Le indagini portano ad altri membri delle Nuove Brigate Rosse. Sul banco degli imputati del delitto D’Antona ci finiscono, a questo punto, questi terroristi molto tecnologici. La Lioce viaggiava col suo inseparabile palmare, pieno di documenti. Tutto porterebbe verso un legame con Panizzari, invece l’accostamento dei rossi Nap e dei neri Nar, suggerito dalle sue rapine, viene completamente dimenticato. Anche Todi, la cittadina umbra che l’ex Nap aveva scelto per svaligiare la banca, poteva non essere frutto del caso. Certo, si tratta di un posto tranquillo nella verde Umbria. Ma è anche a soli 76 chilometri da Rieti. E più o meno alla stessa distanza da Torri in Sabina, dove la magistratura aveva scoperto un particolare volto dell’eversione italiana. Si dice che l’assassino torni sempre sul luogo del delitto. Chissà, magari a volte succede.
Dobbiamo tornare ancora indietro, al 1979. Il 31 luglio esce su tutti i quotidiani italiani la notizia che la magistratura sta ricostruendo i mille volti di questo terrorismo nostrano. Dopo aver intuito che i rossi collaborano con il gruppo nero di Terza Posizione, gli inquirenti sono arrivati a un nuovo punto di svolta. Questi comunisti delle Unità Combattenti Comuniste (dette UCC) hanno un intermediario che li aiuta: è la ndrangheta calabrese di don Mancuso (curiosa l’omonimia con il monte calabrese su cui sorgeva la base della NATO). Ma come si è arrivati a questa certezza e cosa c’entra l’Umbria in tutto questo, a parte la vicinanza chilometrica? A indagare ormai ci sono svariati giudici: Giovanni Canzio, Mario Amato, e poi Domenico Sica e Ferdinando Imposimato. Fabrizio Carbone della Stampa ci informa quel 31 luglio 1979 che l’inchiesta è partita dall’omicidio di un militare di leva, tale Giuseppe Andria, che avrebbe avuto il ruolo del telefonista in alcuni sequestri e che, insistendo per avere il suo pagamento, fu ucciso dalla ndrangheta. Si è così giunti a scoprire un casolare a Vescovio, vicino Torri in Sabina, che fungeva da base delle Unità Combattenti Comuniste. Sarebbe stata la stessa ndrangheta a fare la soffiata, per sbarazzarsi di un gruppo divenuto scomodo. Ora quindi emergono tre figure nuove del terrorismo: Ina Maria Pecchia e due cugini, Piero e Gian Pietro Bonano. Appartengono al gruppo di Potere Operaio, del quale fanno parte anche Valerio Morucci e Adriana Faranda.

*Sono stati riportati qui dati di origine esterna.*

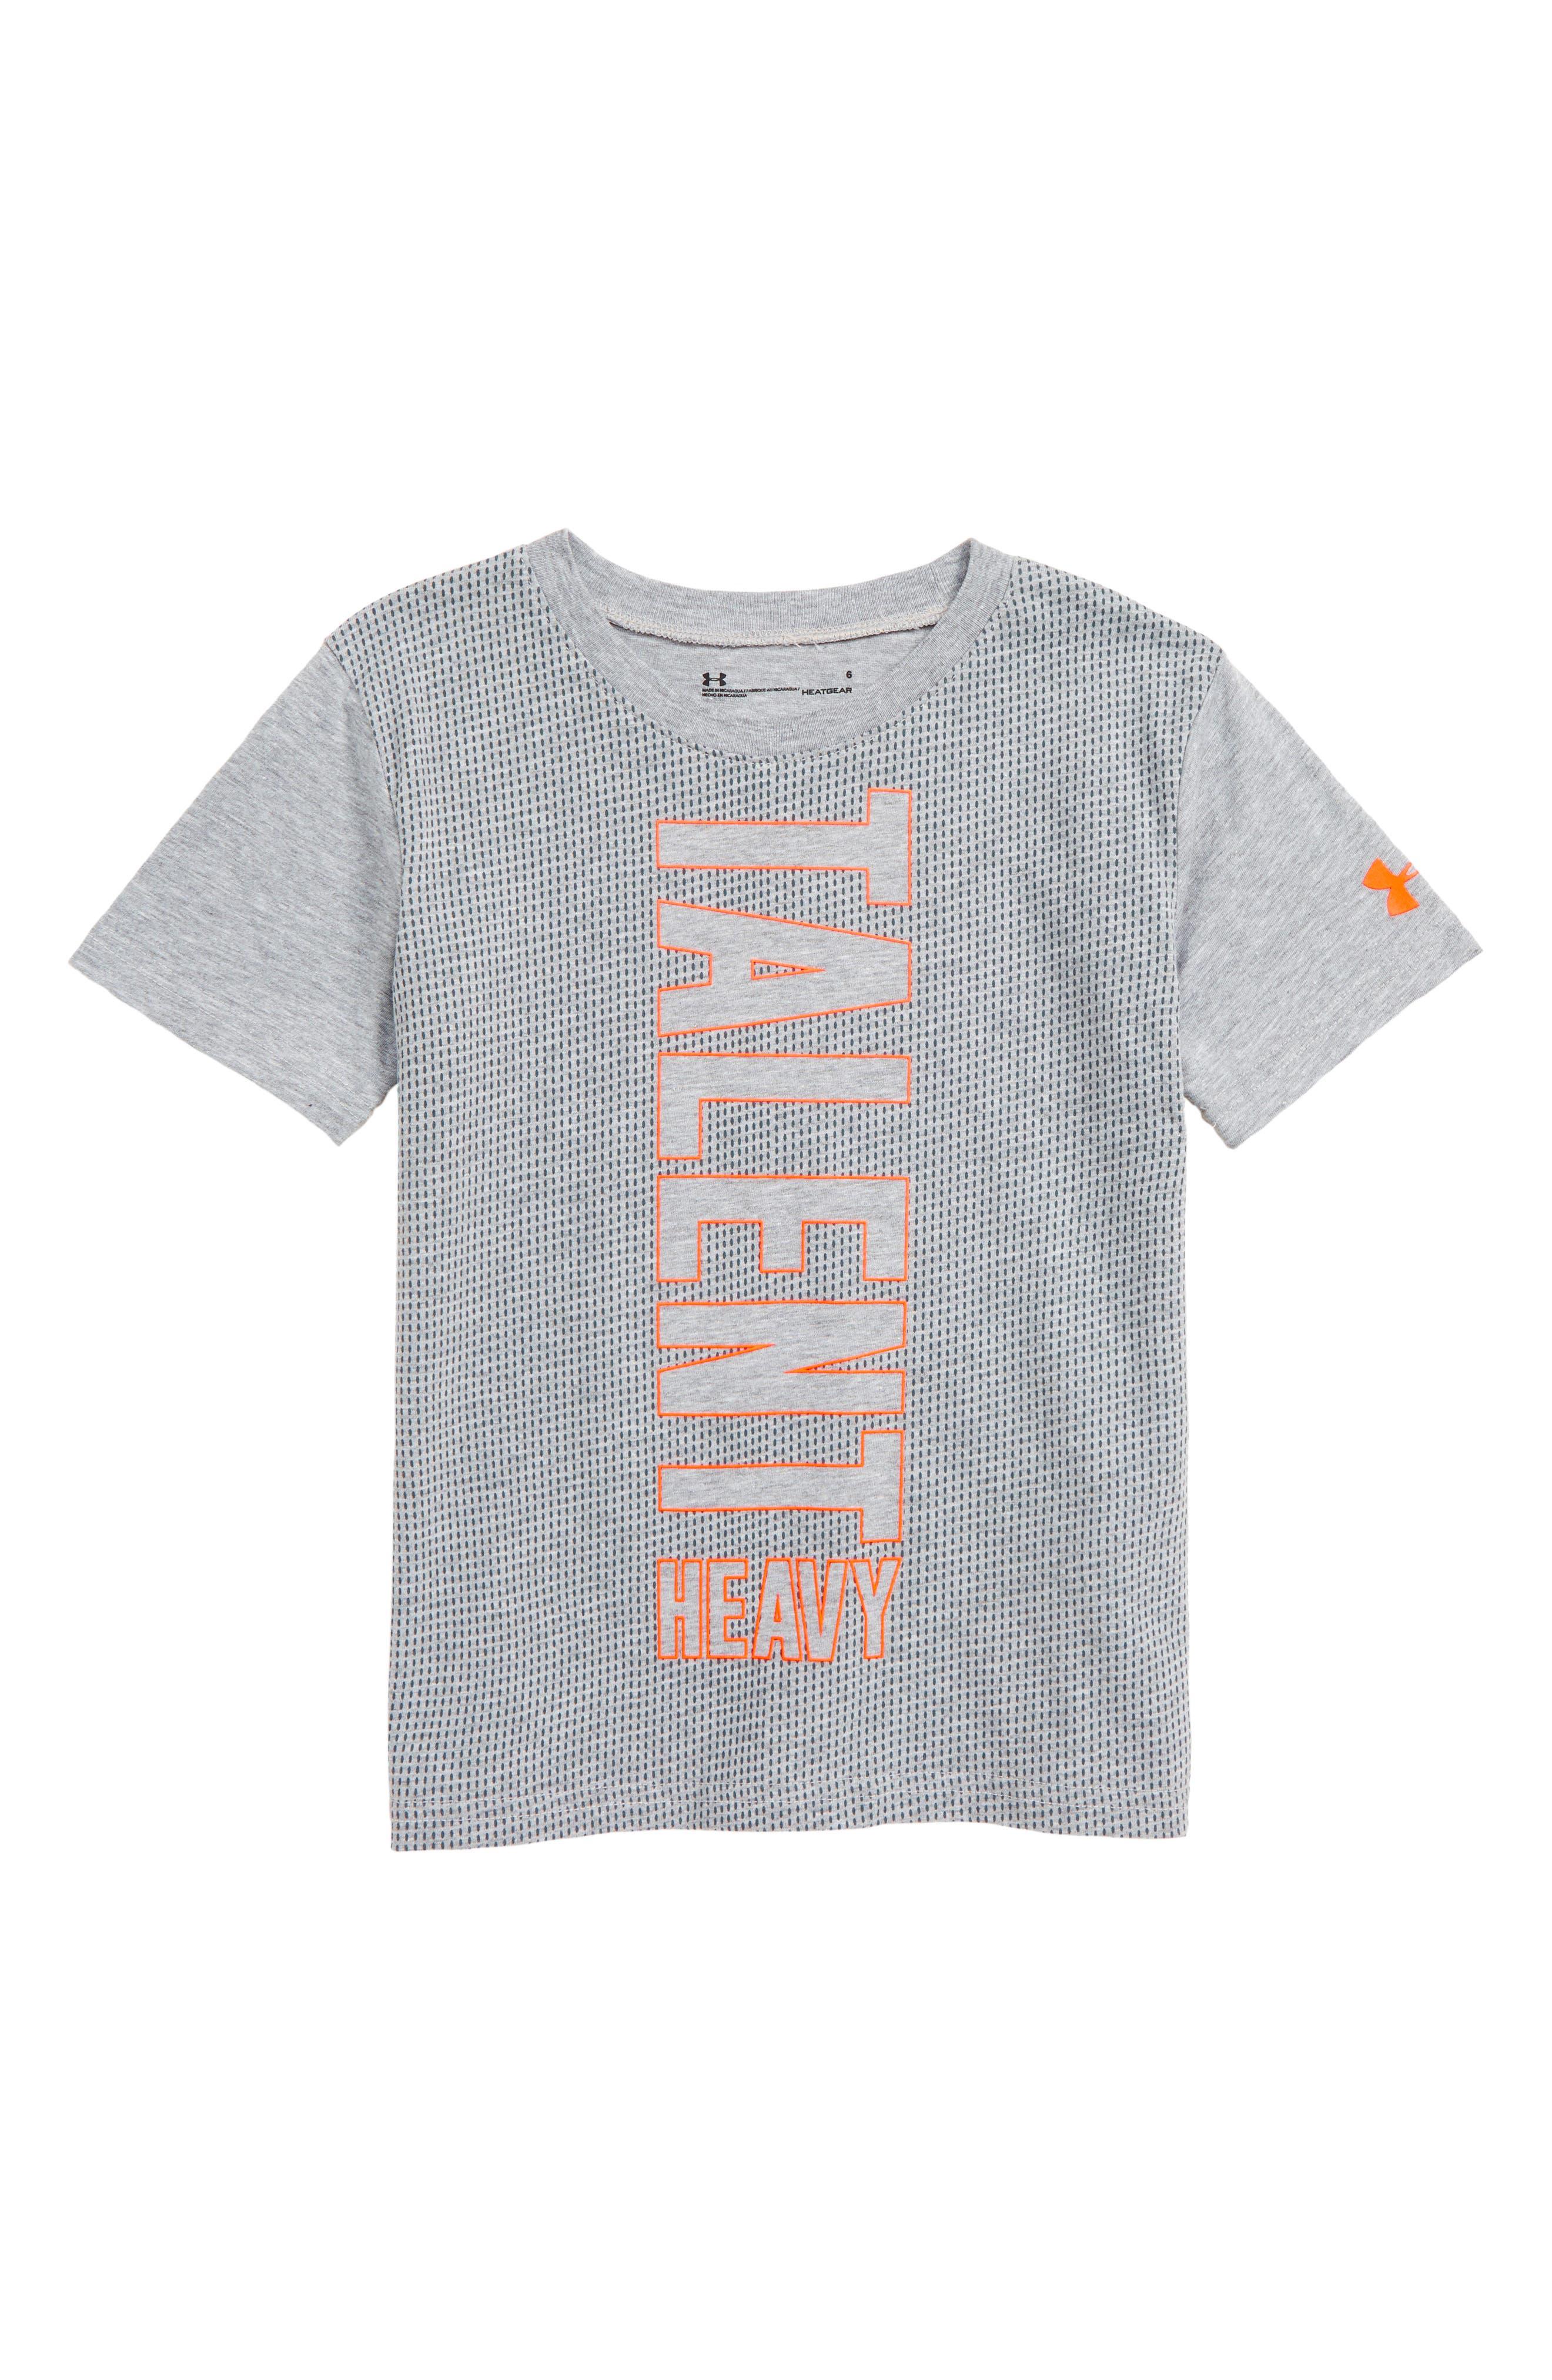 UNDER ARMOUR,                             Talent Heavy Twist HeatGear<sup>®</sup> T-Shirt,                             Main thumbnail 1, color,                             MOD GRAY

Si comincia a vociferare che dalle UCC siano partiti ingenti fondi in denaro per il gruppo culturale Metropoli di Scalzone, Piperno e Negri. Sarà vero? A noi non interessa, per il momento. E’ molto importante invece la parte finale dell’articolo di Fabrizio Carbone. Durante le indagini nel casolare di Vescovio, di proprietà della Pecchia e dei Bonano, sono stati rinvenuti documenti contraffatti e armi. Gli indagati probabilmente stanno parlando e hanno fornito indicazioni al generale dei carabinieri, Carlo Alberto Dalla Chiesa, per trovare un’altra base delle UCC, che si trova in Umbria, a Pantalla di Todi. Si tratta di un borgo medievale attaccato a Fratta Todina, quello da cui era partita la denuncia della signora Slagorska Berardi.
Dunque, la donna settantenne aveva ragione? Quando la signora Slagorska Berardi, parlando con la spia dell’Stb, raccontava di macchine che si fermavano a Fratta Todina e caricavano armi, si riferiva a un passaggio di automobili che si dirigevano a Pantalla di Todi? I tempi coinciderebbero. Un articolo delle pagine locali dell’Unità, sempre datato 31 luglio 1979, precisava che i tre proprietari del casolare di Pantalla avevano effettuato l’acquisto nel 1977, pagandolo due milioni e mezzo di vecchie lire. Quando il generale Dalla Chiesa rinvenne quel covo lo trovò vuoto. Era stato mai utilizzato? Gli inquirenti rimasero colpiti da un cunicolo di quattro metri che poteva servire per nascondere armi e prigionieri.
Luigi Ceccobelli, l’uomo accusato dalla Slagorska Berardi, ha sostenuto nella mia intervista che in Umbria non era pensabile che vi fossero campi di addestramento per neofascisti. Questi fatti lo smentiscono in parte, anche se vanno precisate alcune cose. Se si prendesse alla lettera l’accusa della signora Berardi, anche i carabinieri sarebbero coinvolti nel terrorismo, poiché la donna non li considerava affidabili, tant’è che si rivolse alle spie della ex Cecoslovacchia. Mentre abbiamo appena visto che furono i carabinieri di Dalla Chiesa a scoprire il covo di Pantalla di Todi. Inoltre, nessuno dei nomi che le spie dell’Stb scrissero nei loro rapporti compare nella lista degli indagati della magistratura di Rieti. Né Ceccobelli, né i suoi presunti complici, tra cui figurava persino un fotografo famoso come Rodrigo Pais. Ciò significa che le due storie sono completamente diverse, come sostiene lo stesso Ceccobelli, oppure che sugli intrighi che coinvolgevano neri, rossi e mafiosi ci sono dei capitoli ancora da scrivere.

sabato 10 novembre 2018

La “geometrica potenza” di... Bin Laden


C’è un personaggio della sinistra violenta degli anni ‘70 che è tornato alla ribalta alcuni anni fa, esattamente il 10 giugno del 2015. Quel giorno qualcuno si era accorto, ma più per fare propaganda elettorale che per altro, che al raduno della nuova formazione politica di Maurizio Landini, Coalizione Sociale, c’era un tale che si chiamava Franco Piperno. Uno che ammirava Landini in quanto gli ricordava il 1968: “Mi fa pensare ai capi operai del '68, ha una partecipazione e un'aggressività che ricorda quel buon odio di classe di una volta.”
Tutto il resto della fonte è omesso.